On April 6, 2015, Jessica Markham, Victoria Markham, Jesse Charles, Pennsylvania Home Care Association, and United Cerebral Palsy of Pennsylvania filed a Petition for Review in the Commonwealth Court’s original jurisdiction pursuant to 42 Pa.C.S. § 761(a)(1), naming as respondents Appellees Governor Wolf and the Commonwealth of Pennsylvania, Department of Human Services, and the Office of Long Term Living. These petitioners asserted that Executive Order 2015-05 establishes organizational labor rights for domestic home care workers, but was issued without authorization and conflicts with existing [137]*137Commonwealth labor laws — specifically, the Pennsylvania Labor Relations Act,1 and the Public Employe Relations Act.2 Similarly, on the same date, David Smith and Donald Lambrecht (collectively, with Jessica Markham, Victoria Markham, Jesse .Charles, Pennsylvania Home Care Association, and United Cerebral Palsy of Pennsylvania, “Petitioners”) also filed a Petition for Review in the Commonwealth Court, naming Appellees as respondents. They similarly challenged Executive Order 2015-05.
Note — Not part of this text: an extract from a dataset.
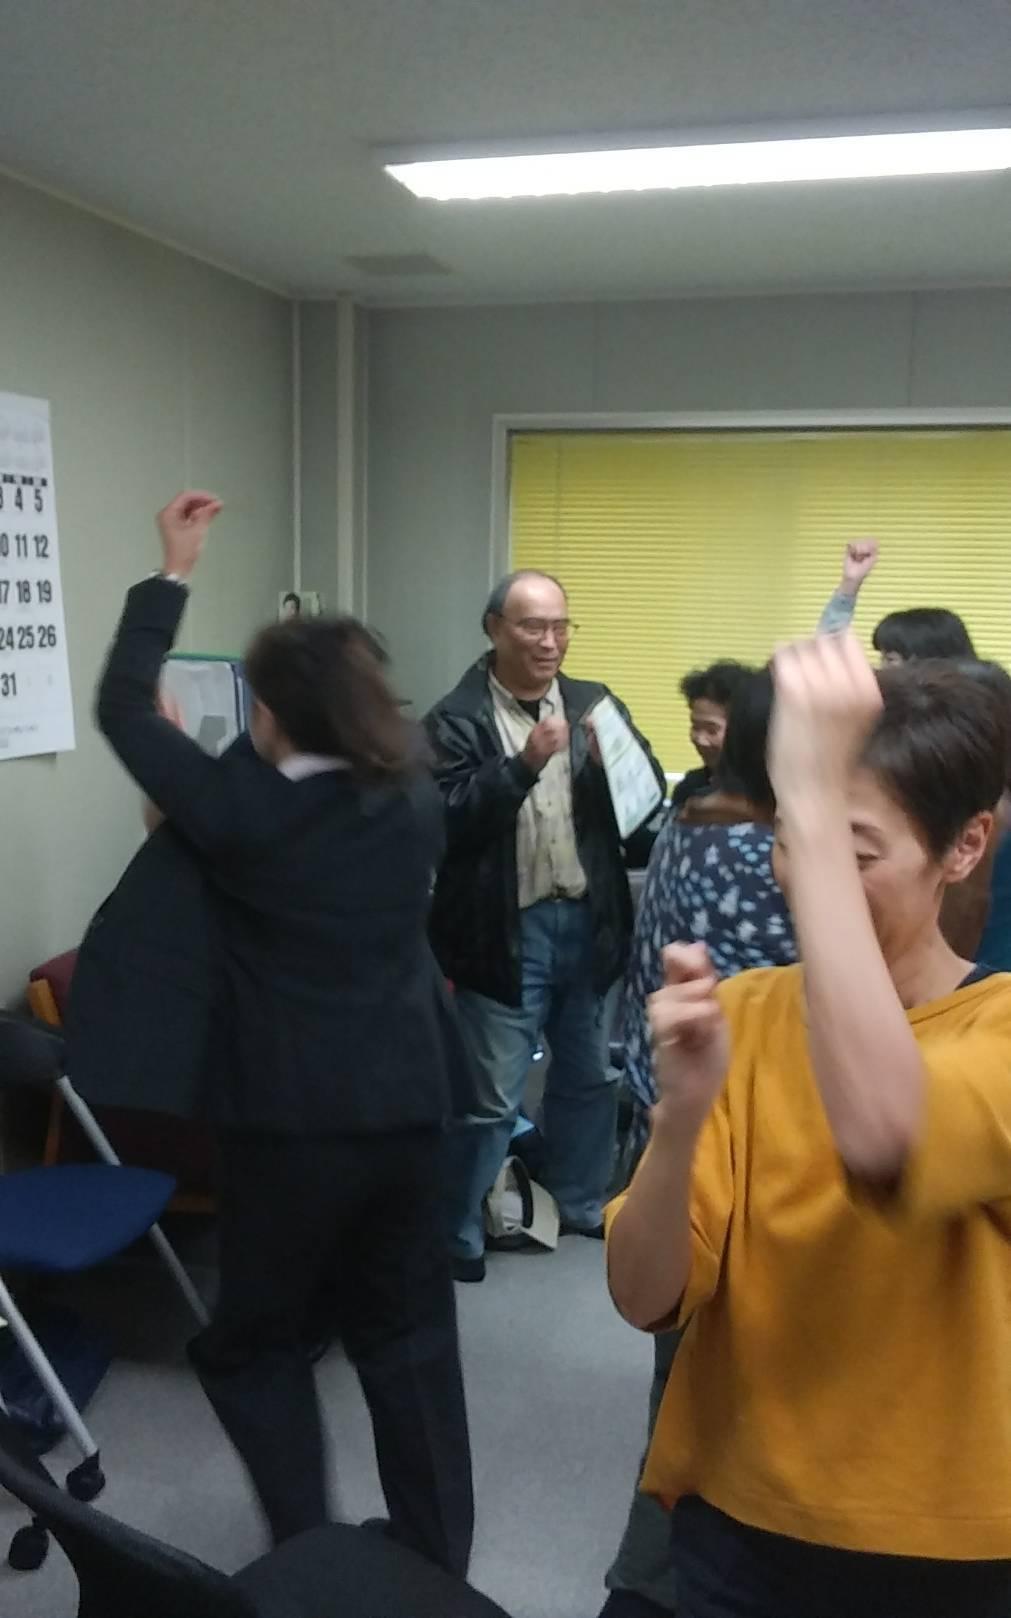 第2回公開健口(けんこう)教室を開催しました_e0415908_13304269.jpg

On April 20, 2015, Senate President Pro Tempore Joseph Scarnati, III, Senate Majority Leader Jake Corman, Senate Majority Whip John Gordner, and Senate Majority Appropriations Chairman Pat Browne, on behalf of the Pennsylvania Senate Majority Caucus (“Appellants”), filed an Application for Relief Seeking to Intervene (“Application to Intervene”) in both actions,3 claiming Executive Order 2015-05 was an unauthorized attempt by the Governor to exercise legislative power in violation of the separation of powers doctrine.
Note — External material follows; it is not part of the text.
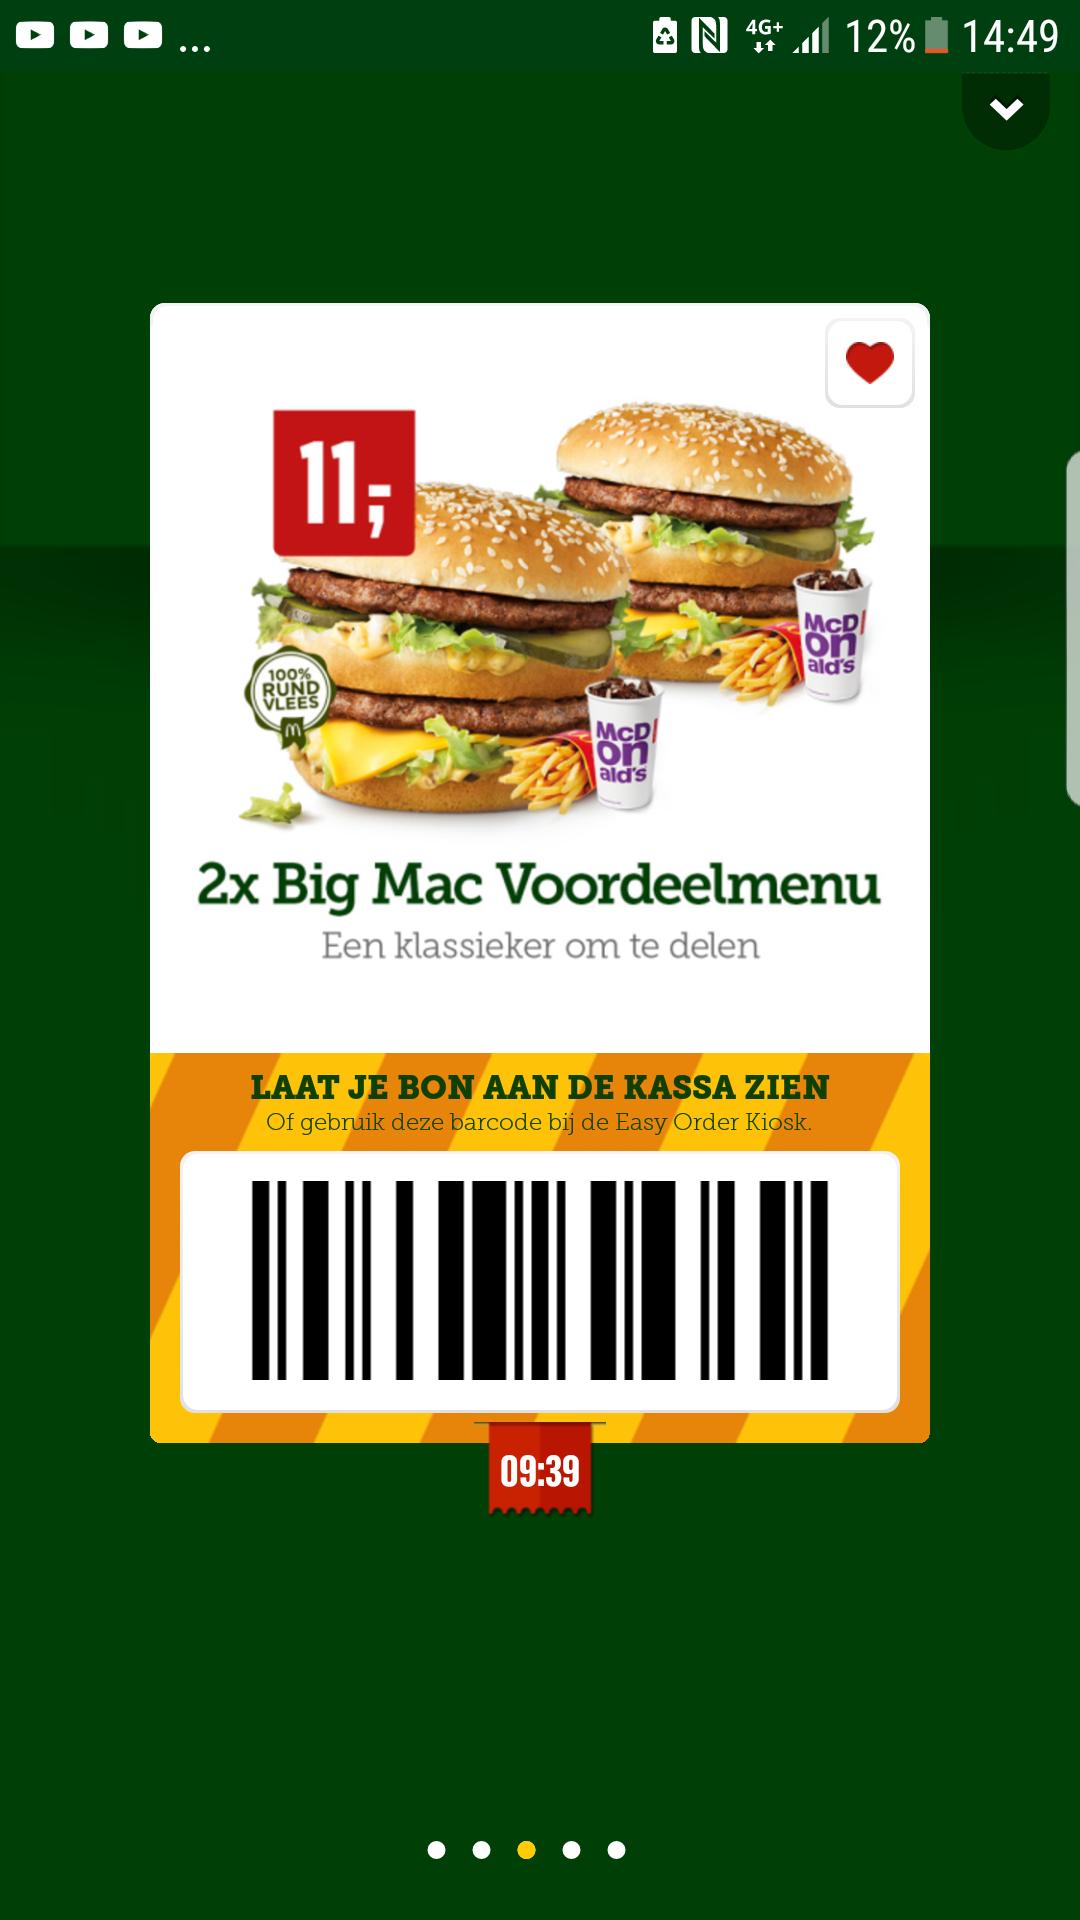 2 x bigmac voordeel menu voor €11 @ McDonalds

Two days later, the Commonwealth Court conducted a hearing on Petitioners’ request for a preliminary injunction, conducted by President Judge Dante Pellegri-ni. Initially, the court rejected Appellants’ attempt to directly intervene at the preliminary injunction stage. However, the court issued an order enjoining Governor Wolf from entering into any memorandum of understanding pursuant to Executive Order 2015-05 until disposition of the matter on the merits, establishing an expedited schedule for the filing of briefs on preliminary objections and cross-motions for summary relief, and listing the matter for en banc argument before the Commonwealth Court in September 2015.

On May 28, 2015, President Judge Pel-legrini heard oral argument on Appellants’ Application to Intervene, and, by a single judge opinion, he denied Appellants’ application on June 3, 2015. Noting the traditional test for standing — requiring an individual to be aggrieved, i.e., to have a substantial, direct, and immediate interest in the outcome of the litigation — President Judge Pellegrini considered caselaw analyzing standing for legislators. Observing that legislative standing rests upon a concrete injury suffered in the legislator’s official capacity, rather than a mere generalized grievance about the conduct of government that all citizens share, President Judge Pellegrini concluded that the interests impinged by the Governor were not unique, legislative interests, but, rather, were interests common to the general citizenry. In reaching this conclusion, he determined that, at its core, Appellants’ “sole basis for seeking intervention is that the Governor’s Executive Order is illegal and that every time he takes an illegal action, he violates separation-of-[138]*138powers principles because he is not enforcing the laws that the [Appellants] believe are proper.” Markham v. Commonwealth, 176 M.D.2015, at 9 (Pa. Cmwlth. filed June 3, 2015). The judge further explained that legislators do not have standing just because the Governor’s action is purportedly illegal, and the General Assembly may “offer legislation that will preclude or vitiate the Governor’s action.” Id. Nevertheless, Appellants were permitted to participate, and subsequently participated, in the matter as amicus curiae. Id. at 10 n. 8.

On July 6, 2015, Appellants filed a notice of appeal with our Court, as well as jurisdictional statements and applications seeking expedited consideration of the appeals. On August 10, 2015, our Court noted probable jurisdiction and granted the applications for relief seeking expedited consideration.4 Oral argument was held before our Court on October 7, 2015.5

The issue before our Court, as stated by Appellants, is “Whether legislative standing exists to challenge an executive order the origin of which has neither been authorized by the Constitution nor promulgated pursuant to statutory authority, thus constituting a violation of the Separation of Powers doctrine?” Appellants’ Brief at 5. As this issue raises a pure question of law, our standard of review is de novo, and our scope of review is plenary. In re Hickson, 573 Pa. 127, 821 A.2d 1238, 1242 (2003).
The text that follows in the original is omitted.